Goodhart's law. Optimize a metric long enough and the metric stops being a metric. We do not gradient-descent the mixture weights against the recon-QA fidelity score — the loop is held out as a fitness gate, not used as a training loss. Mixture weights are heuristic and fixed before recon-QA runs. The price is that the weights are not optimal; the price of the alternative is that the score becomes meaningless.
Cohen's κ and the Landis-Koch scale. A free local judge is cheap to
run but suspect; a paid cloud judge is the reference but cannot be the
default. Cohen's κ between gemma3:4b and Sonnet 4.6 on identical
predictions came in at 0.469 — "moderate" agreement per the
Landis-Koch convention. Usable as a routine cheap proxy; not a
substitute for definitive scoring. We publish κ instead of raw
accuracy so the dispersion is legible.
Same-family judge agreement. When the judge model and the generator model share a backbone or training corpus, they tend to concur unfairly. The pipeline avoids this by contract: Gemma judges Qwen reconstructions; no Qwen judging Qwen. The cross-family choice is the architecture, not a robustness ablation. The cheap-judge κ above measures how much this default already costs you.
Sign agreement under a noisy magnitude. The label-weight ablation produced Δ=+0.053 with 95 % paired CI [−0.004, +0.109] — the magnitude crosses zero on the lower bound. The per-corpus signs, separately, were 3 / 3 positive (+0.100 / +0.028 / +0.021). Direction reproduces; magnitude wobbles. We report both and call the CI a qualifier on the magnitude, not a retraction of the direction.

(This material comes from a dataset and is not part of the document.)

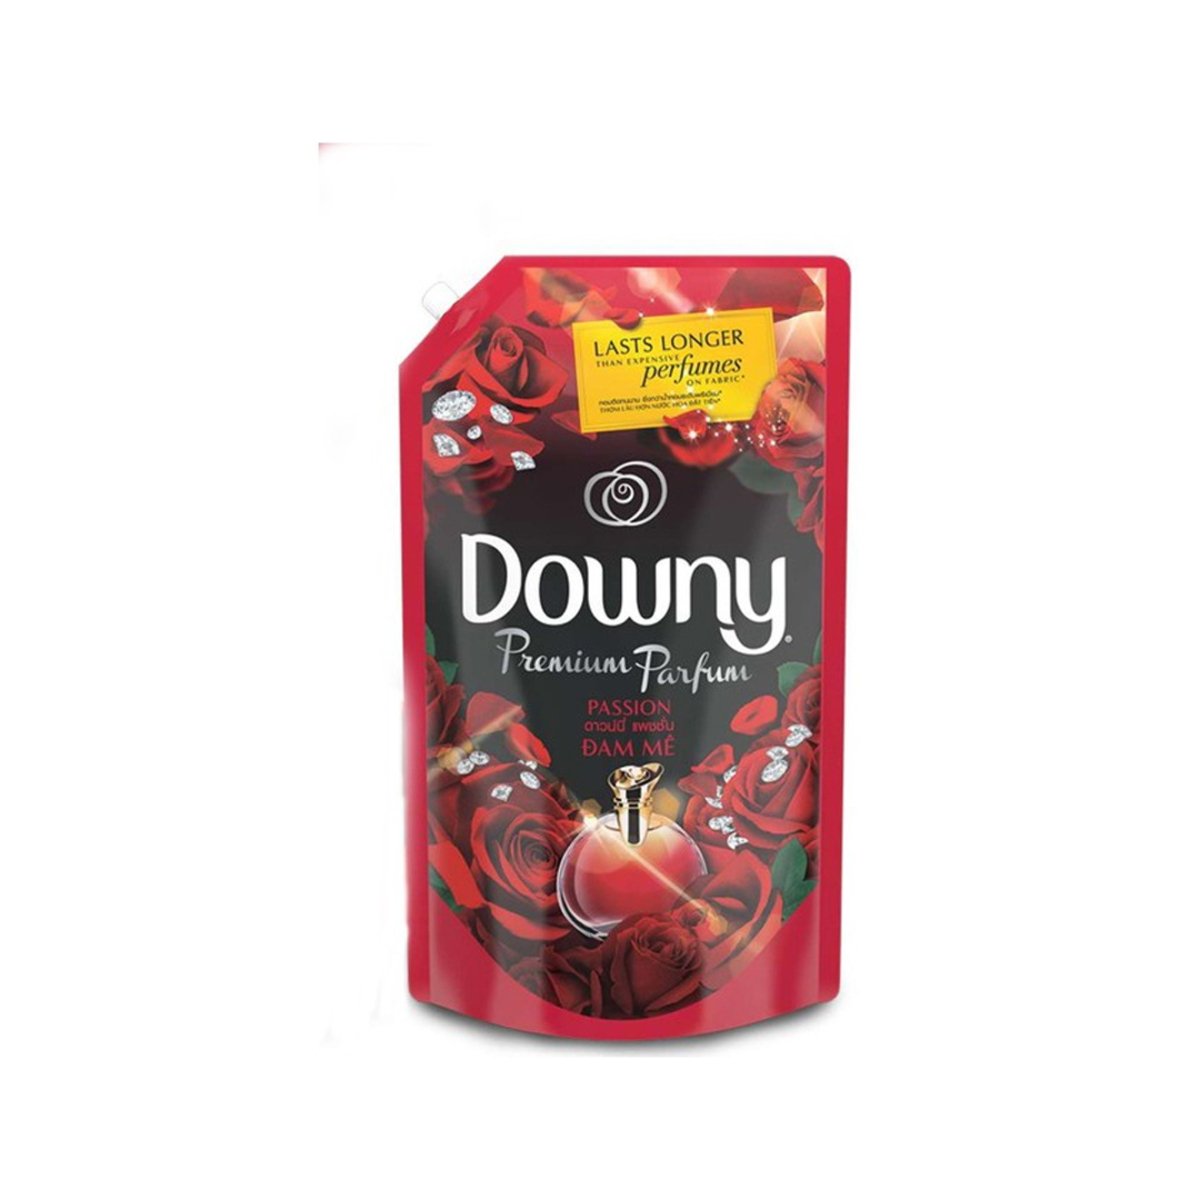 Downy Premium Parfum Liquid Passion Pouch 1.4Liter

Graceful degradation as contract. A pipeline that breaks when one piece fails is brittle. Each signal in the mixture is optional — missing labels, their weight drops out; missing spans, the four tier-terms collapse to zero. The system degrades to a density baseline. A single-classifier gatekeeper design has no analog for this; we picked the weighted-sum mixture in part for exactly this property.
One corpus, one user. 573 pairs from the maintainer's Claude Code sessions. Magnitudes are not portable; the methodology is what reproduces. A scaling story across users does not exist yet — it requires others running on their own substrate and reporting back. What this means for you: your absolute numbers will be different; the direction of effects should reproduce, the magnitudes likely will not.

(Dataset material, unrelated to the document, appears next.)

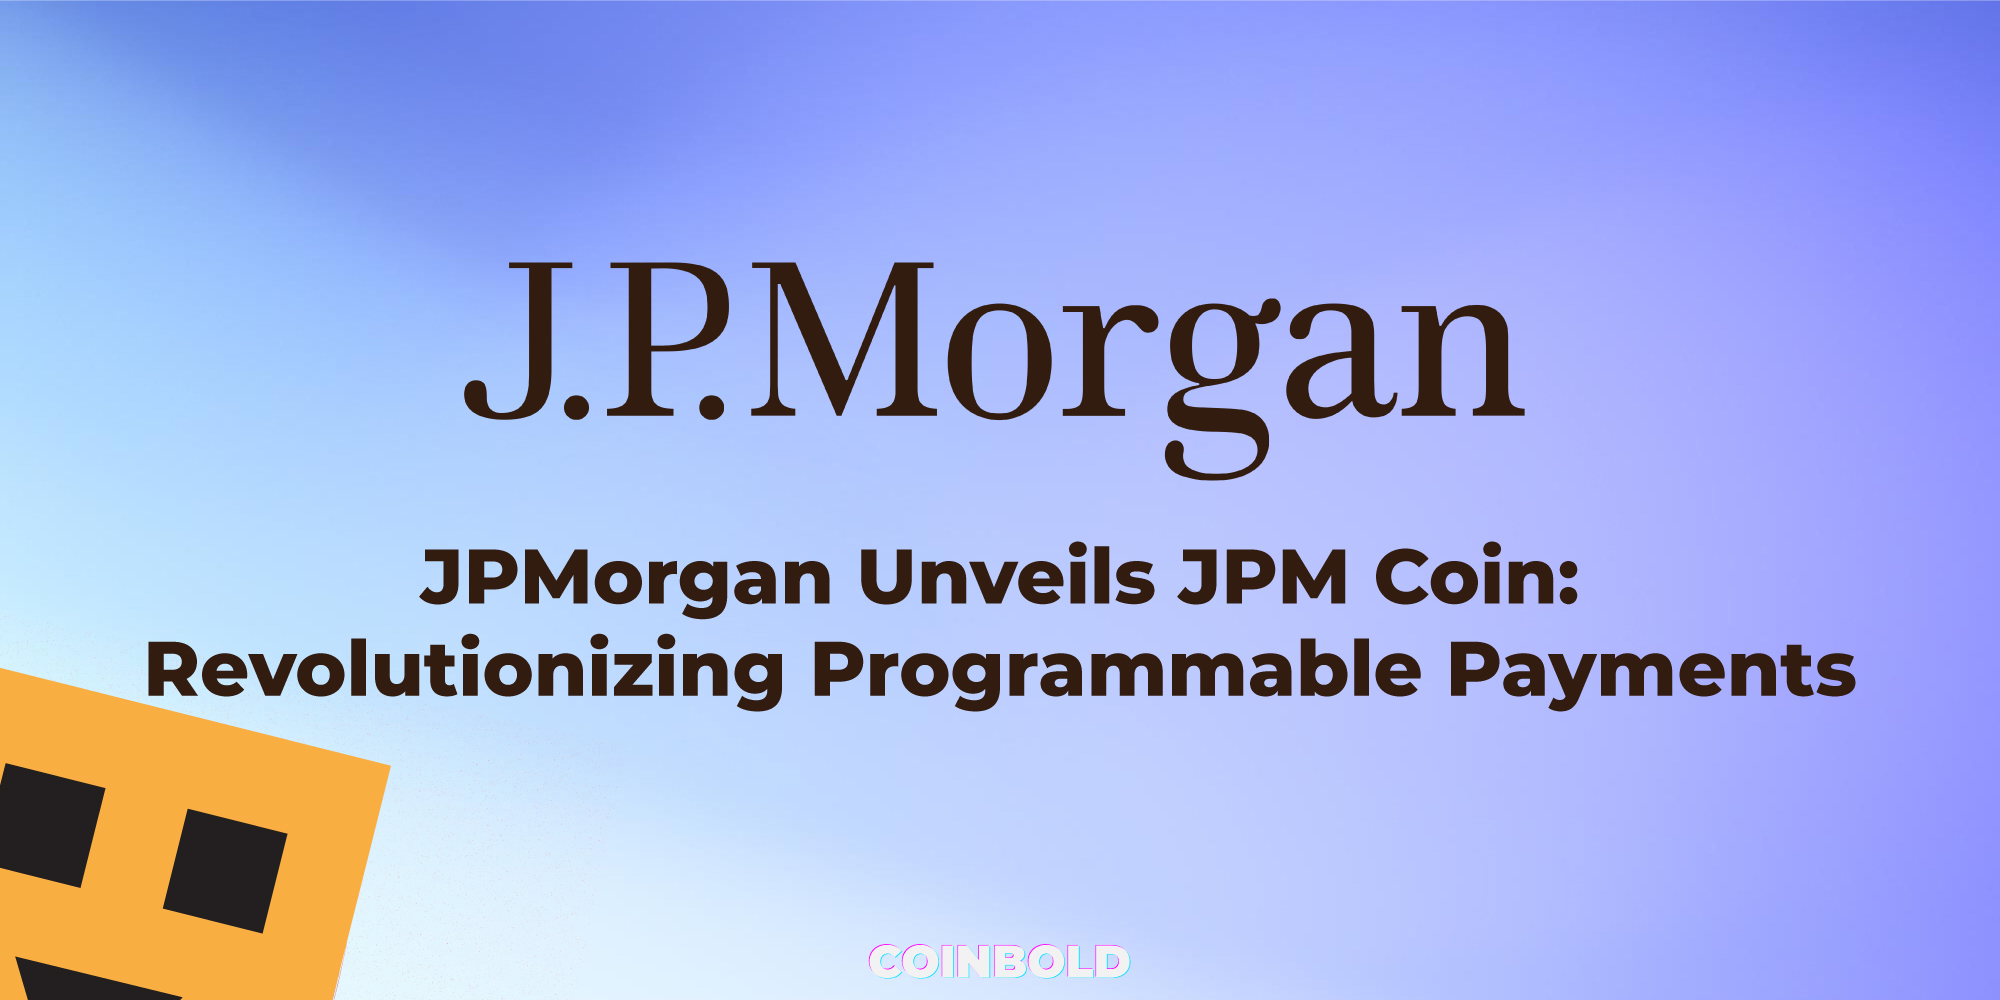 JPMorgan Unveils JPM Coin Revolutionizing Programmable Payments

Most substrate consumers are not shipped here. Three do ship — compaction, schema extraction, and recap; misstep, session-narrative, FKMF, and misstep-foreign-models are listed in the consumer table because they exist and read this substrate format, but their code lives in adjacent projects. They are not packaged in this repo and they are not publicly available. They support the architectural claim ("the substrate has more than one reader"); they do not give you running tools today. What this means for you: if you install weighted-compact, you get the compaction reader and the substrate. You do not get the other four. The substrate format itself is what you can build on.

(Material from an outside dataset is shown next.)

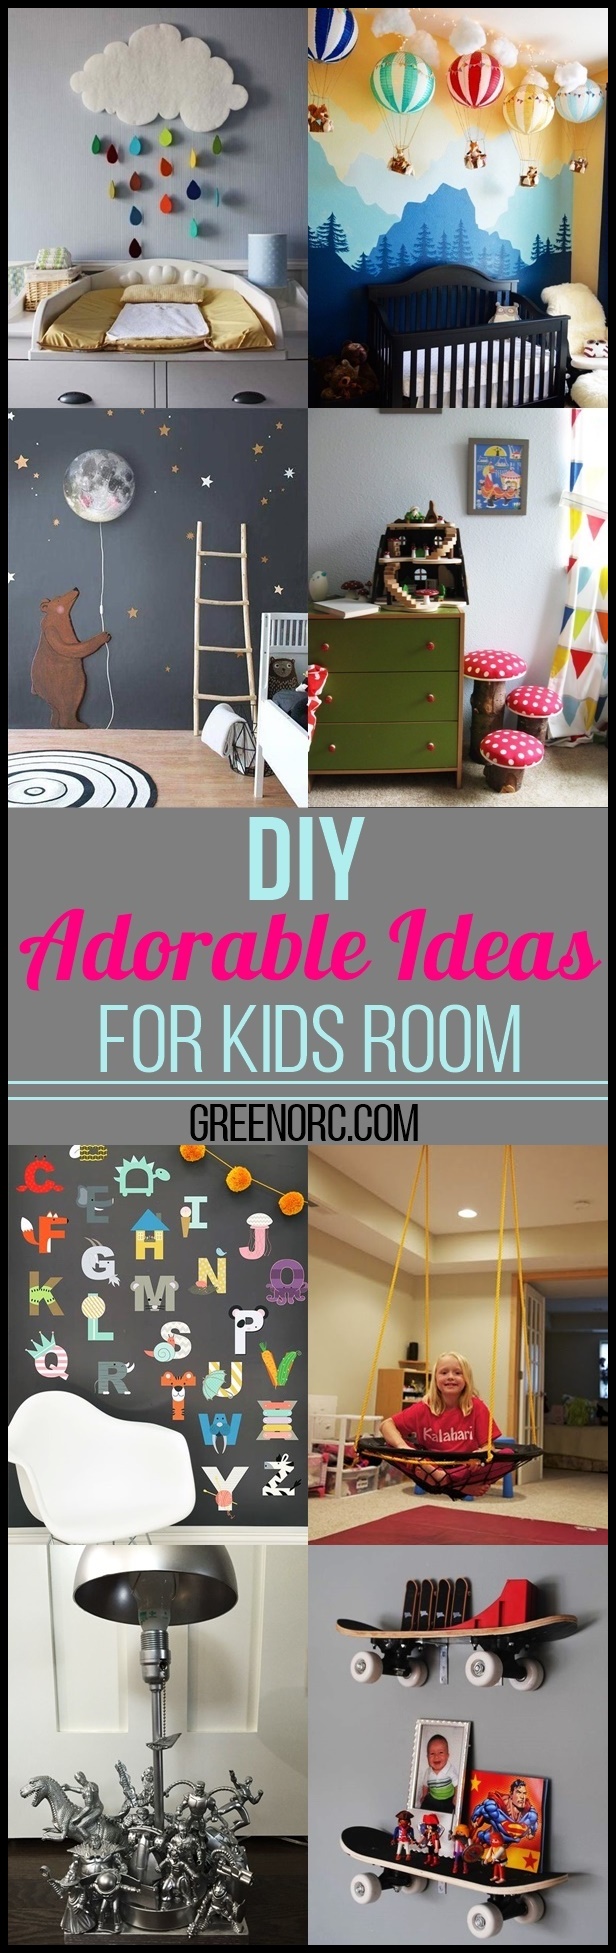 Diy Adorable Ideas for Kids Room

The /compact comparator is a local-LLM simulation, not the real
/compact. The 8-pp gap in the headline is against a
qwen2.5:7b-driven summariser, because Anthropic's actual /compact
prompt is closed and not in the harness. Replacing this with captured
real-/compact traces is filed for v0.3 and is the single change
that would harden the headline most.
What this means for you: read the 8-pp result as "structured
selection beats one-pass local-LLM summarisation on this corpus",
not "weighted-compact beats Claude Code /compact". The second
claim has not been measured.
Per-question fidelity floor is 3.8 %. Most pair-specific detail is genuinely lost on compaction; what survives is anchor-rich content (entities, paths, numbers, short verbatim). This is the absolute starting position, not a regression. What this means for you: expect that most fine detail vanishes at the compact boundary without intervention. The substrate's job is to make what survives match what you marked — not to restore everything.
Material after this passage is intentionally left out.